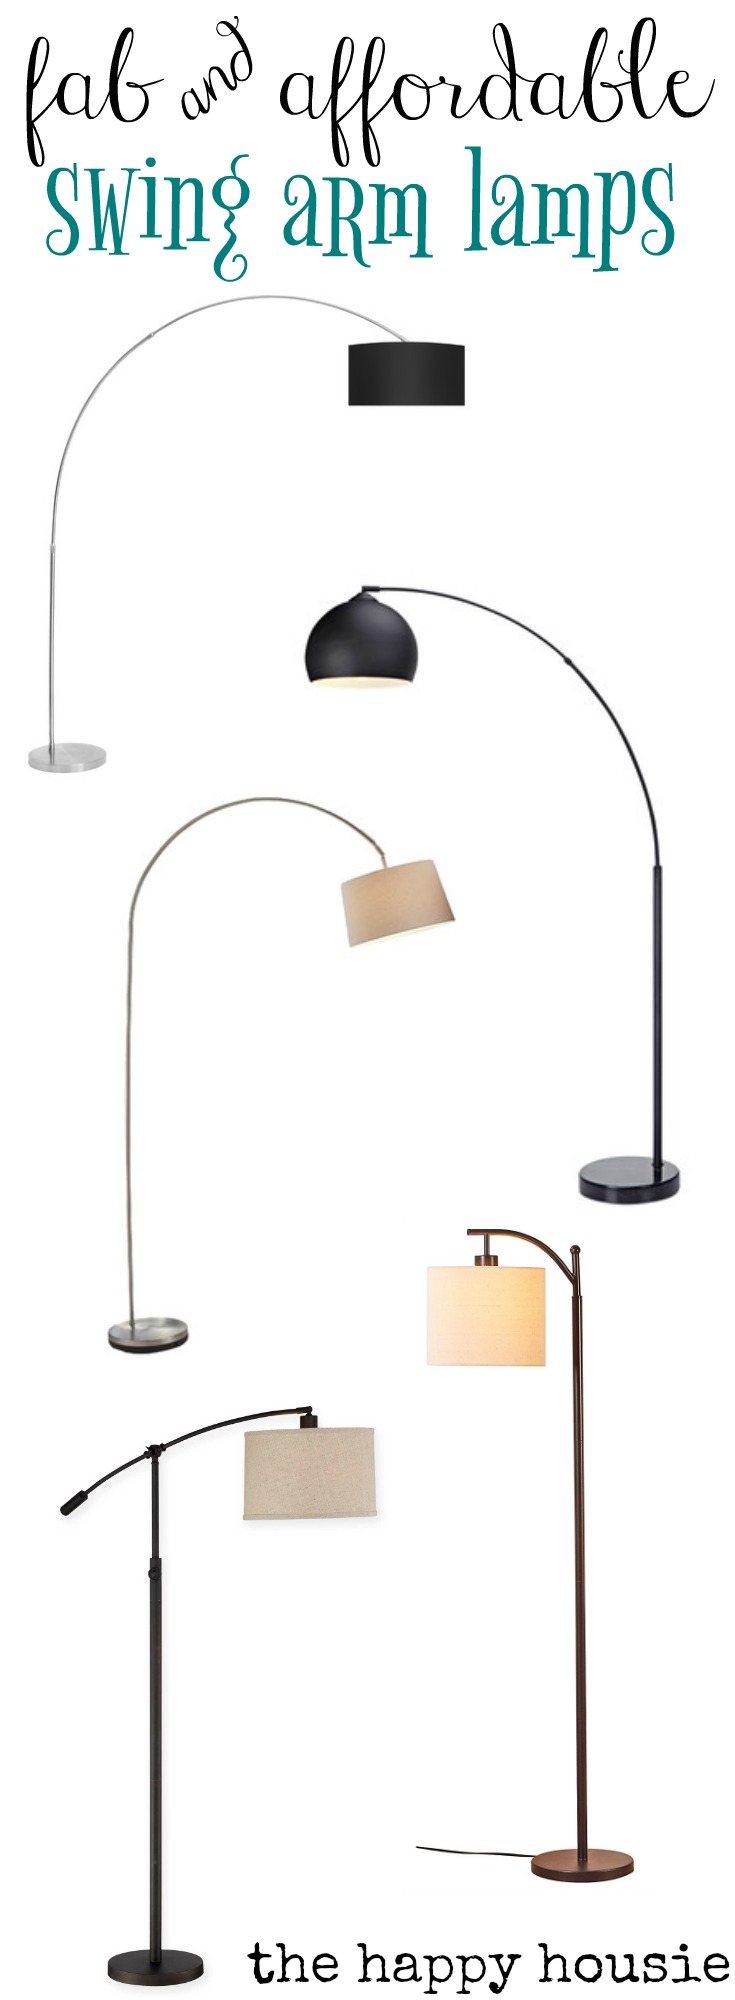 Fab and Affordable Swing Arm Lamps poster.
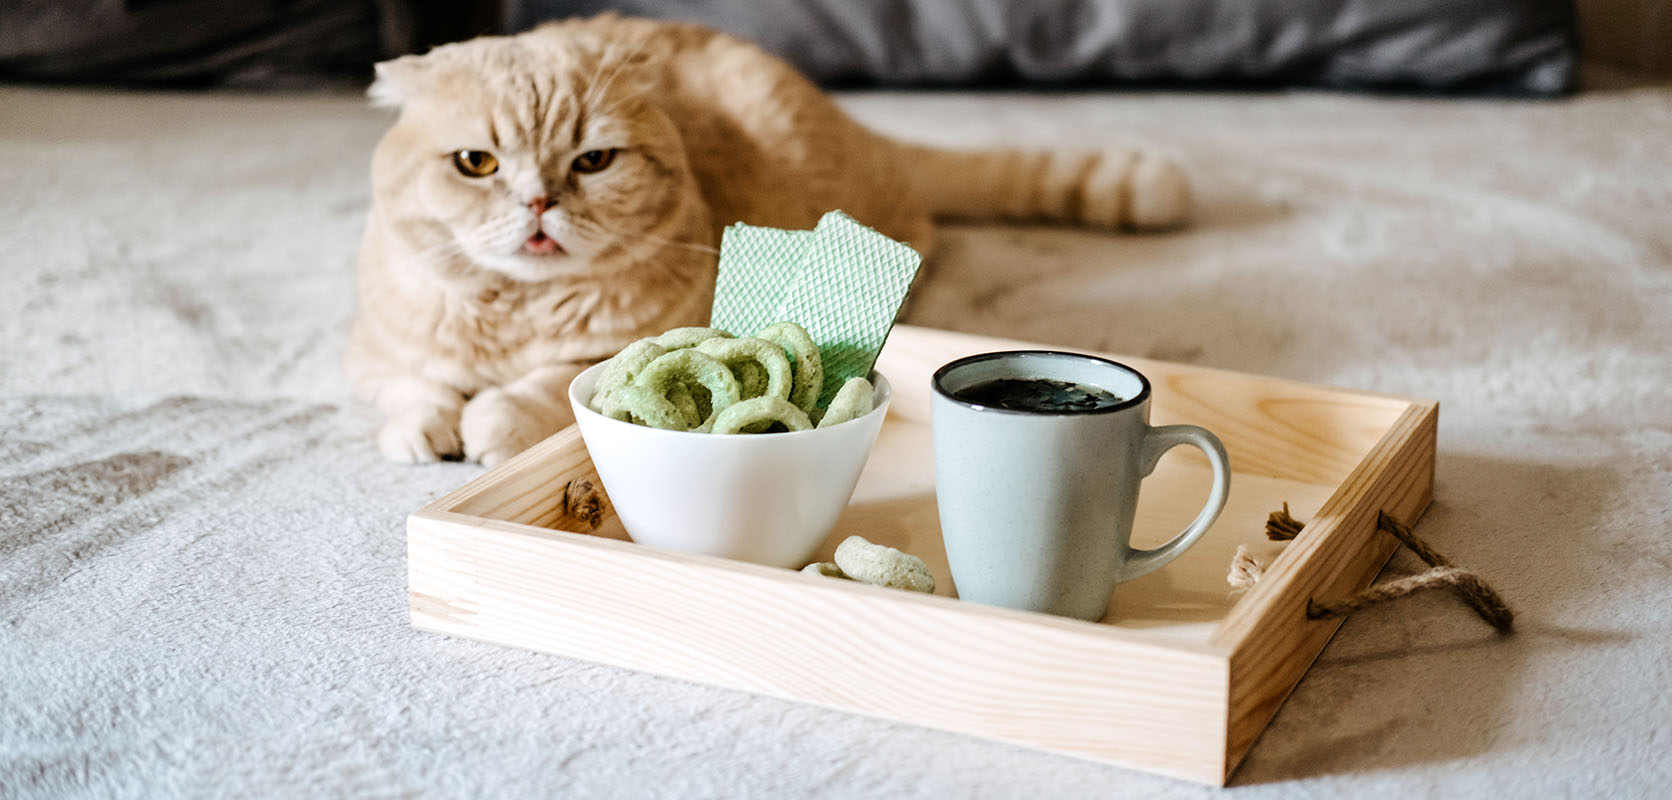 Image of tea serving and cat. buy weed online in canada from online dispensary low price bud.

* * *

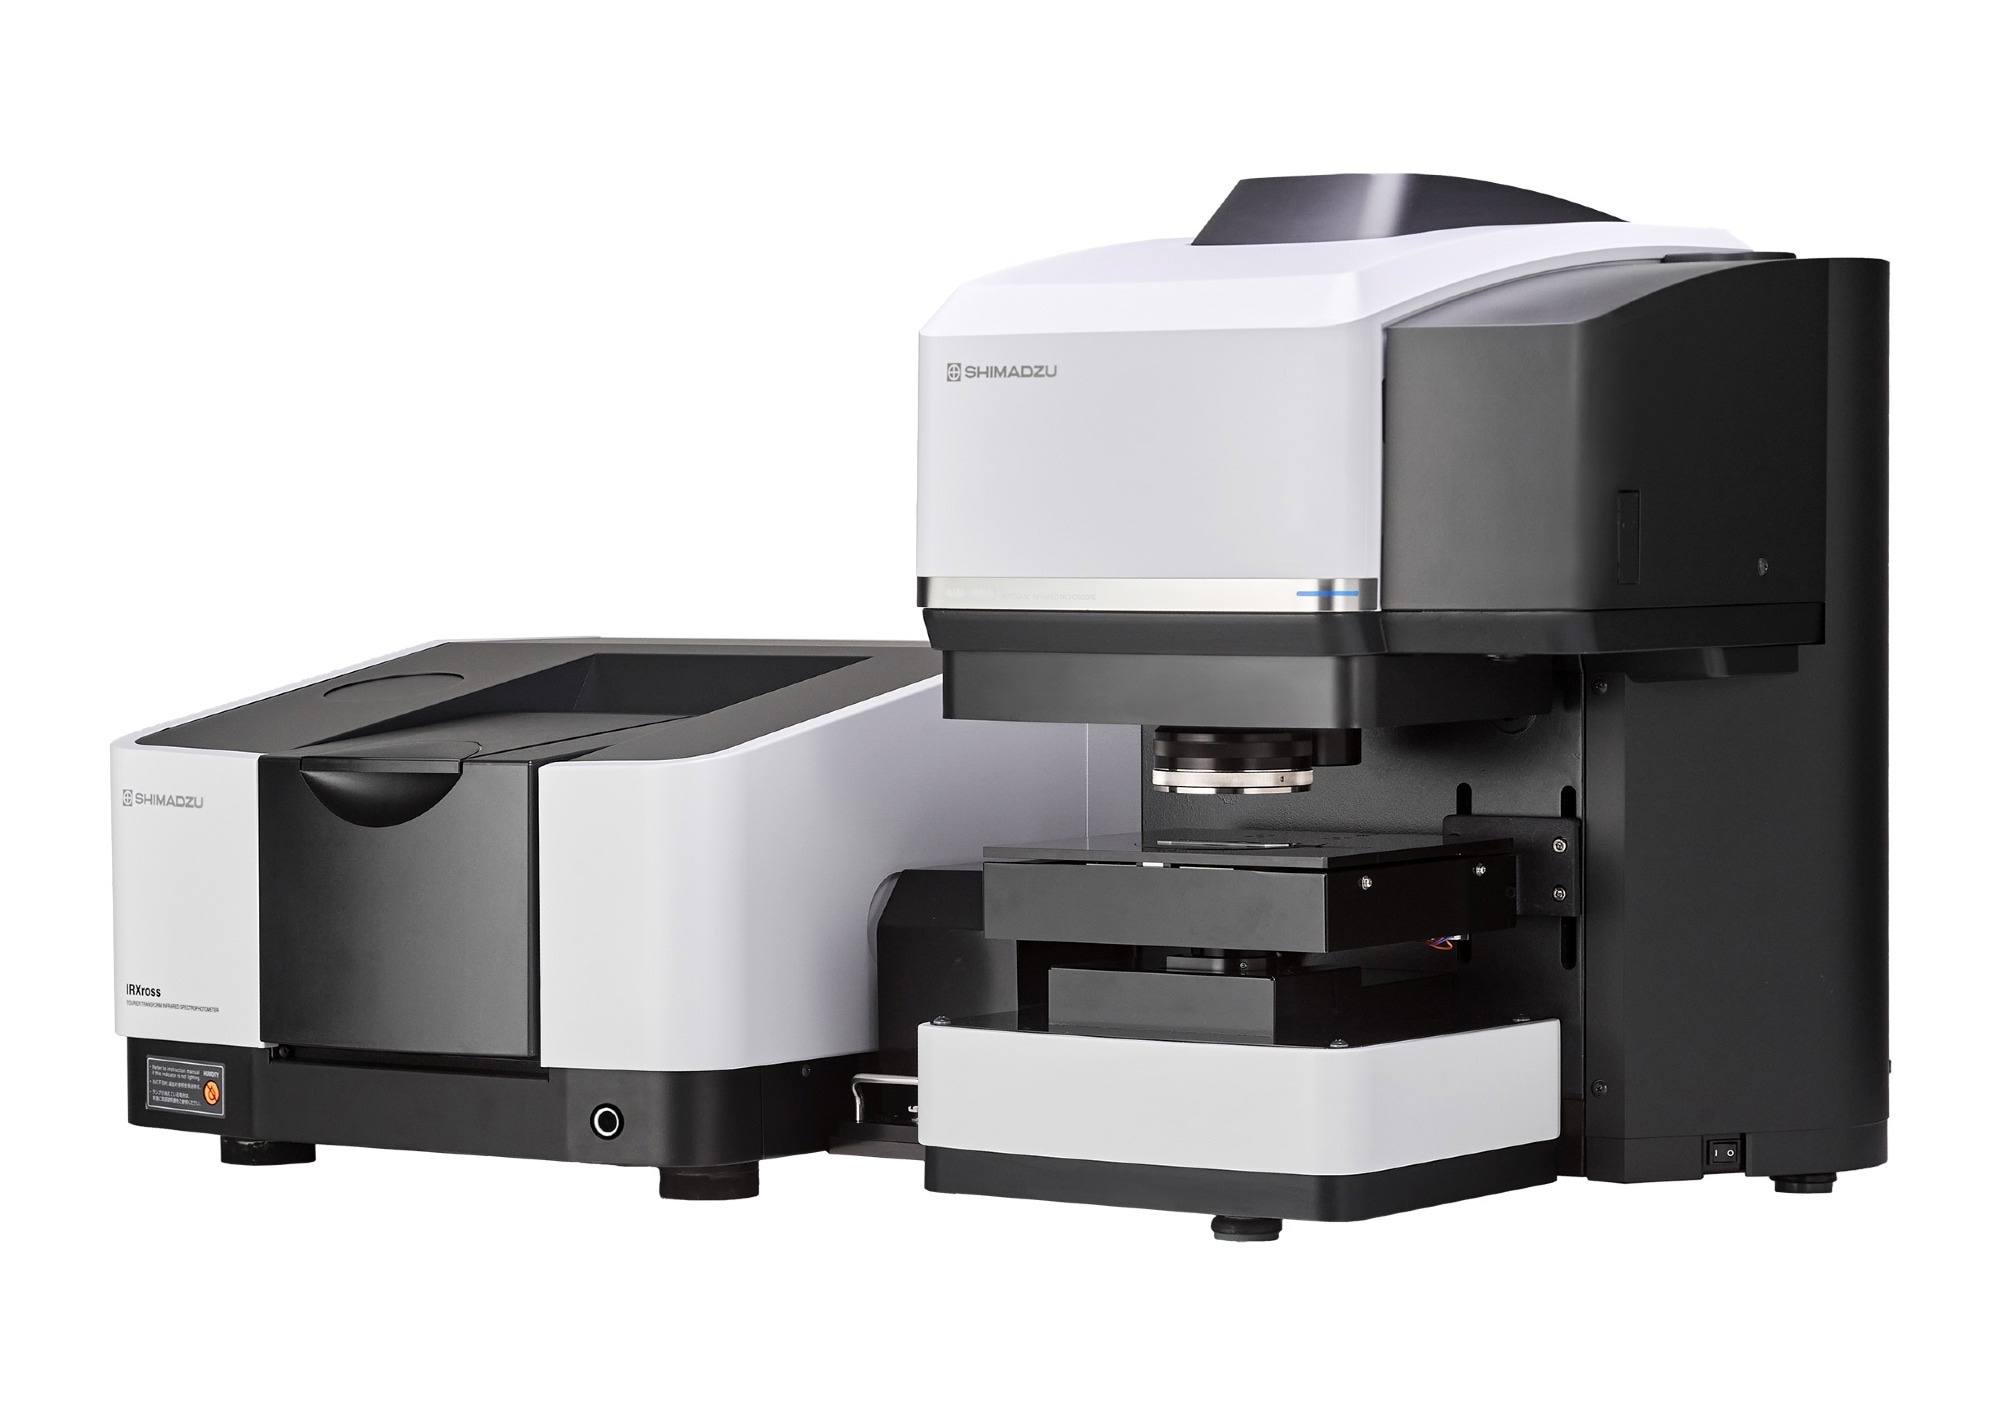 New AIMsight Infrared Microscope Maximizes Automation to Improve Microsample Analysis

==

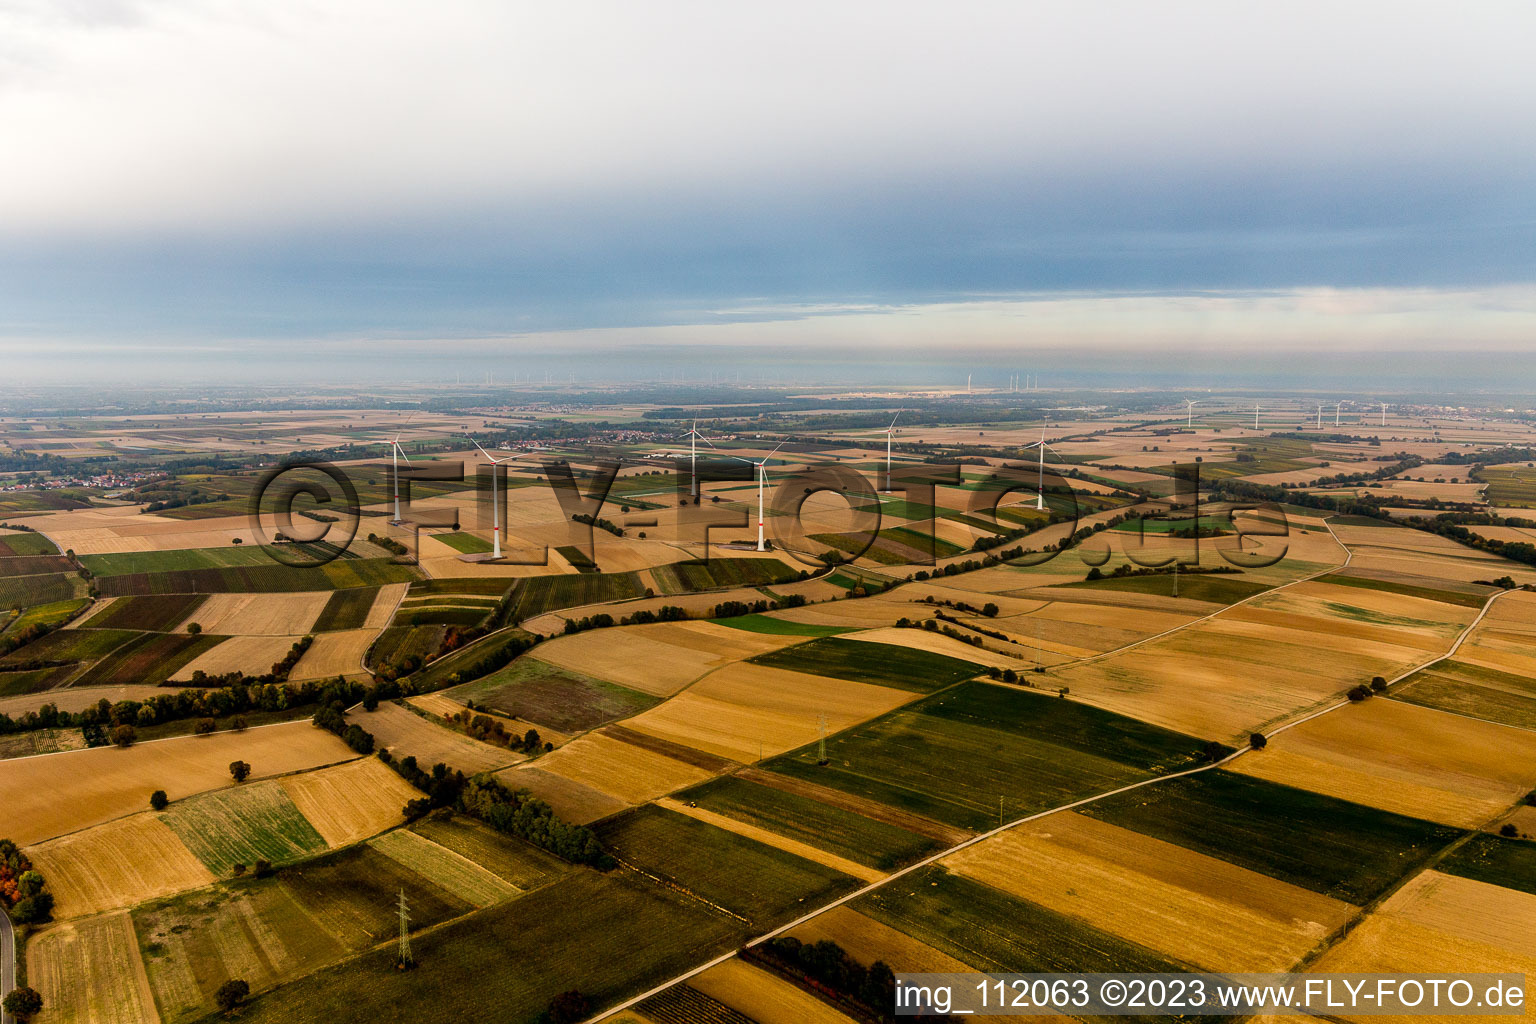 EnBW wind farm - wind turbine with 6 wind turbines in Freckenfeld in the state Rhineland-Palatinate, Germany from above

### Assignment
Among the entries above, find the line with "Fab and Affordable Swing Arm Lamps poster." and repeat exactly from there through the line with "Image of tea", leaving out the pictures.

### Written response
 Fab and Affordable Swing Arm Lamps poster.
 Image of tea serving and cat. buy weed online in canada from online dispensary low price bud.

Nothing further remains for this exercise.